The Assault on Free Speech in America

Published: 10 December 2025

By David Celley
via the dmcelleyauthor.com website

Woodrow_Wilson framed

The First Amendment to the United States Constitution guarantees all persons the right to free speech, among other things.  At various times in our history this right has come under fire by actions taken by the government itself.  One such time existed at a point in our history when you may not have expected it—the entry into World War I in 1917.

The United States Enters World War I:  President Woodrow Wilson was elected to a second term in 1916 by campaigning to keep the U.S. out of the war in Europe.  However, a few months after the election he received a message from the German government that announced Germany’s return to unrestricted submarine warfare.  This was a dramatic turnaround for the policy that had been in place after the sinking of the RMS Lusitania by a German submarine in 1915 that killed over 1,000 including 128 Americans.  Freedom of the seas was an important pillar of the U.S. economy, and the return to unrestricted submarine warfare pushed Wilson to ask Congress for War against Germany.  War was declared on April 6, 1917, and a huge outcry in opposition to the war immediately arose.  To stifle criticism of war Wilson pressed congress to pass the Espionage Act on June 15, 1917.

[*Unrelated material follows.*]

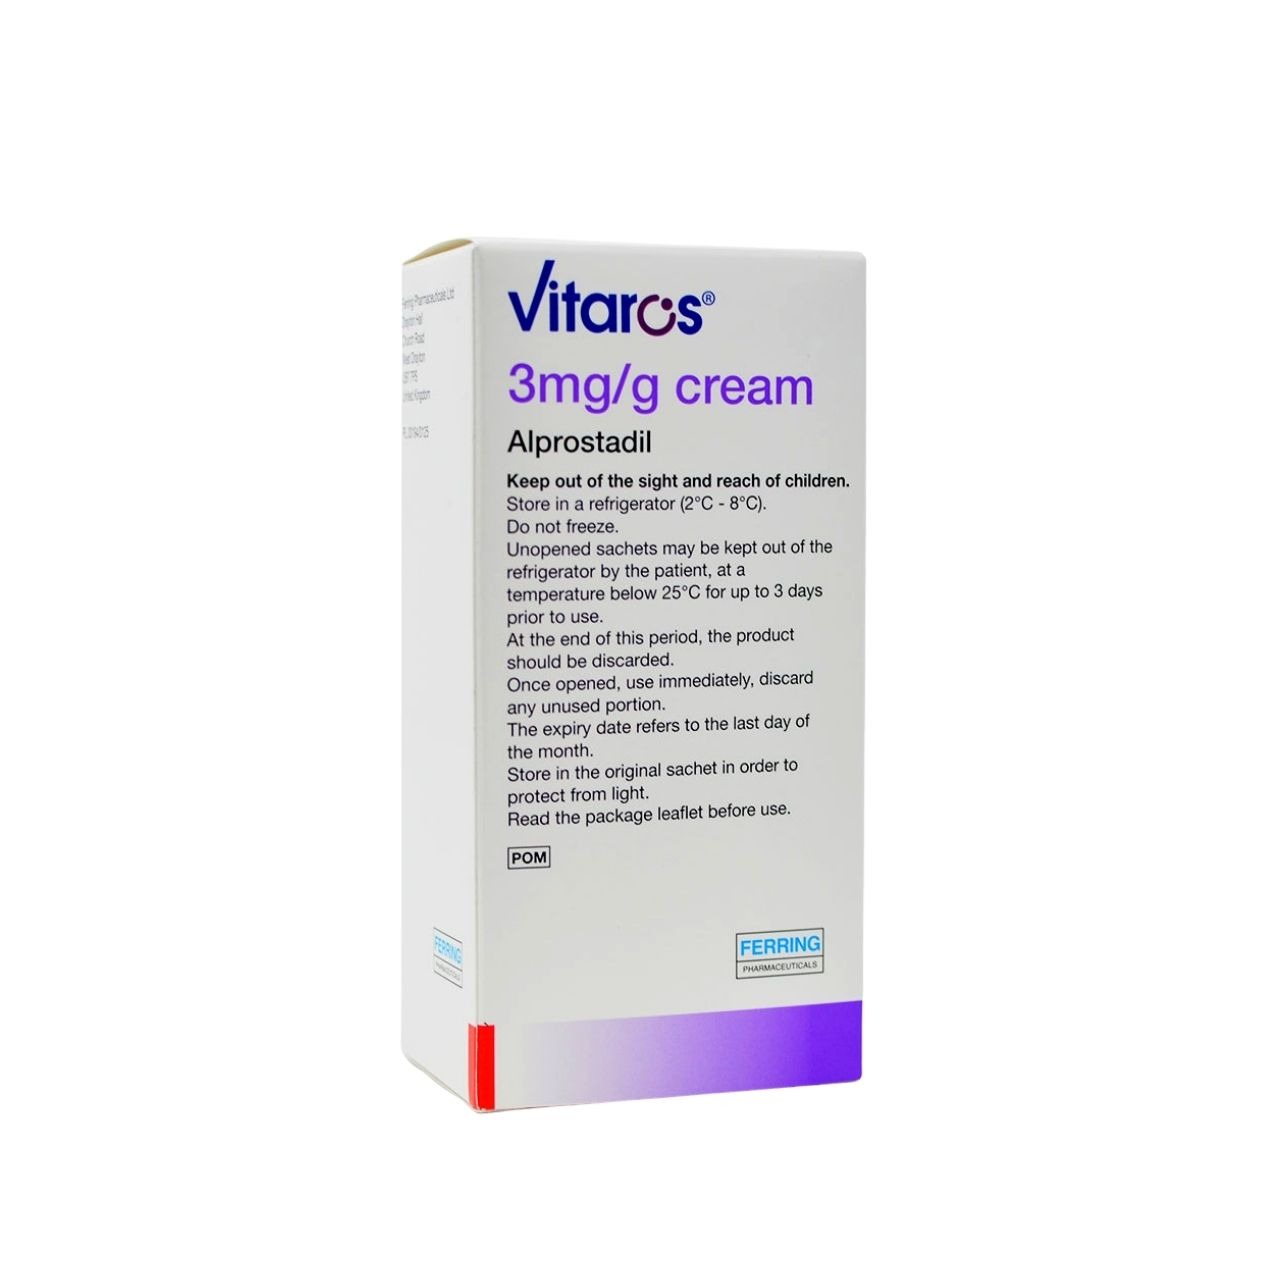 Vitaros cream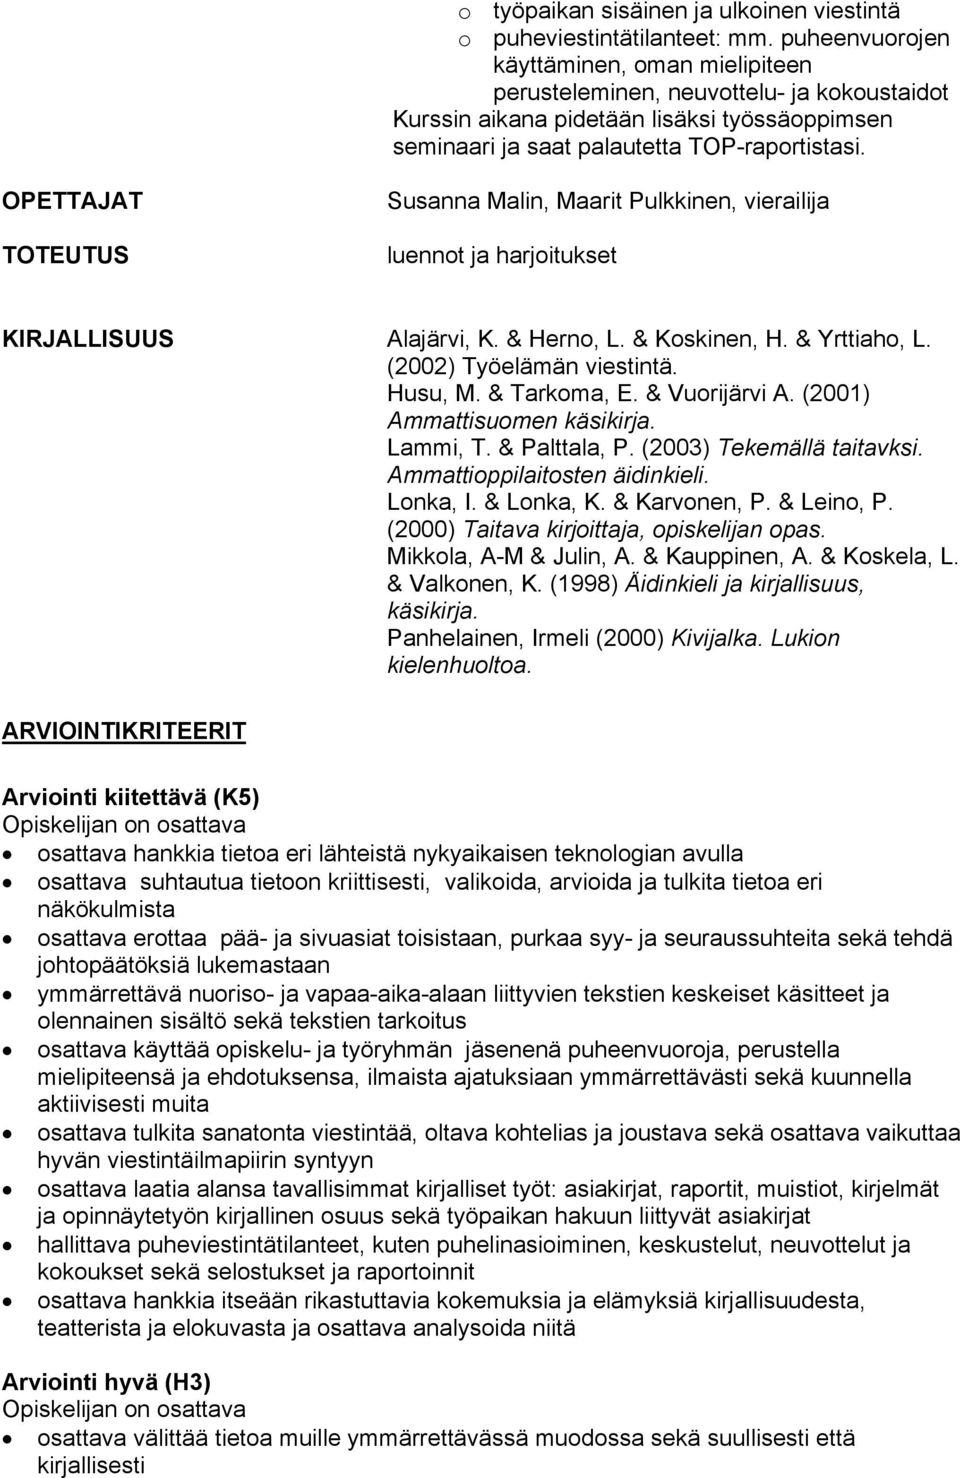 TOTEUTUS Susanna Malin, Maarit Pulkkinen, vierailija luennot ja harjoitukset KIRJALLISUUS Alajärvi, K. & Herno, L. & Koskinen, H. & Yrttiaho, L. (2002) Työelämän viestintä. Husu, M. & Tarkoma, E.

The Espionage Act and the Sedition Act Amendment:  Under the new law the following became a crime:  spreading information with the intent to “interfere with the operation or success of the armed forces of the United States or to promote its enemies’ success” and to make false reports or statements with the intent to “interfere with the operation or success of the military or naval forces of the United States or to promote the success of its enemies when the United States is at war, to cause or attempt to cause insubordination, disloyalty, mutiny, refusal of duty, in the military or naval forces of the United States, or to willfully obstruct the recruiting or enlistment service of the United States.”  The penalties ranged from up to thirty years in prison to death.  The enforcement of the Act was left largely to the U.S. Attorney General, but an ample amount of authority went to the Postmaster General, who could impound or refuse to forward through the mail any publication that violated the statute.  The Act stopped short of censorship of the press, although Wilson believed that censorship of the press should have been included, and said so as he signed it.  The Act was amended several times after passage, but the most significant amendment was the Sedition Act of 1918.  In the year that followed the Espionage Act, it became apparent that the stringent restrictions to free speech would be difficult to enforce, as wartime violence by various groups arose pitting an attempt by one faction of the population to suppress the free speech of another by taking the law into their own hands.  Therefore, the Sedition Act was passed as a virtual amendment to the Espionage Act and forbade “the use of disloyal, profane, scurrilous, or abusive language about the United States government, its flag, or its armed forces or that caused others to view the American government or its institutions with contempt.”  This amendment amounted to a vicious assault on the principles of free speech.  However, owing to the fact that the war was nearly over when the virtual amendment was passed, there were few prosecutions in its duration, and it was repealed December 13, 1920.

The “Clear and Present Danger” Test:  Needless-to-say the law went through many court decisions and a number of them made it to the Supreme Court upon appeal.  Prior to the year 1900 most restrictions on free speech were created as a matter of prior restraint, or prohibition in advance.  The test the courts generally used at the time was known as the “bad tendency” test, meaning that the speech had the sole tendency to incite or cause illegal activity.  In a landmark case, Schenck vs United States, Justice Oliver Wendell Holmes Jr. in writing the unanimous opinion said that by distributing flyers to draft aged men to refuse induction, Schenck and others, were not protected by the First Amendment free speech rights as their actions were in direct violation of the Espionage Act.  In this process Holmes also created what became known as the “clear and present danger” test to be applied to outlawed speech by stating that “the words used are used in such circumstances and are of such a nature as to create a clear and present danger that they will bring about the substantive evils that Congress has a right to prevent.”  The difference arises in that the defendant’s actions took place during wartime and not during more normal times of peace.       Holmes and fellow Justice Louis Brandeis dissented in the case of Abrams vs United States, as they believed that the clear and present danger test was not properly applied.  But for many years it was used in free speech cases and became the standard until the case of Brandenburg vs Ohio in 1969.  Brandenburg was a Ku Klux Klan leader in Ohio who in 1964 invited a newspaper reporter to a rally where incendiary speeches were made about the forced deportation of black Americans and Jews among others.  The court ruled that the government cannot punish inflammatory speech unless the speech is “directed to inciting or producing imminent lawless action and is likely to incite or produce such action.”  In that nothing directly came of the threats, the court overturned Brandenburg’s arrest and conviction in Ohio and the words “imminent lawless action” supplanted “clear and present danger” as the vital test of freedom of speech.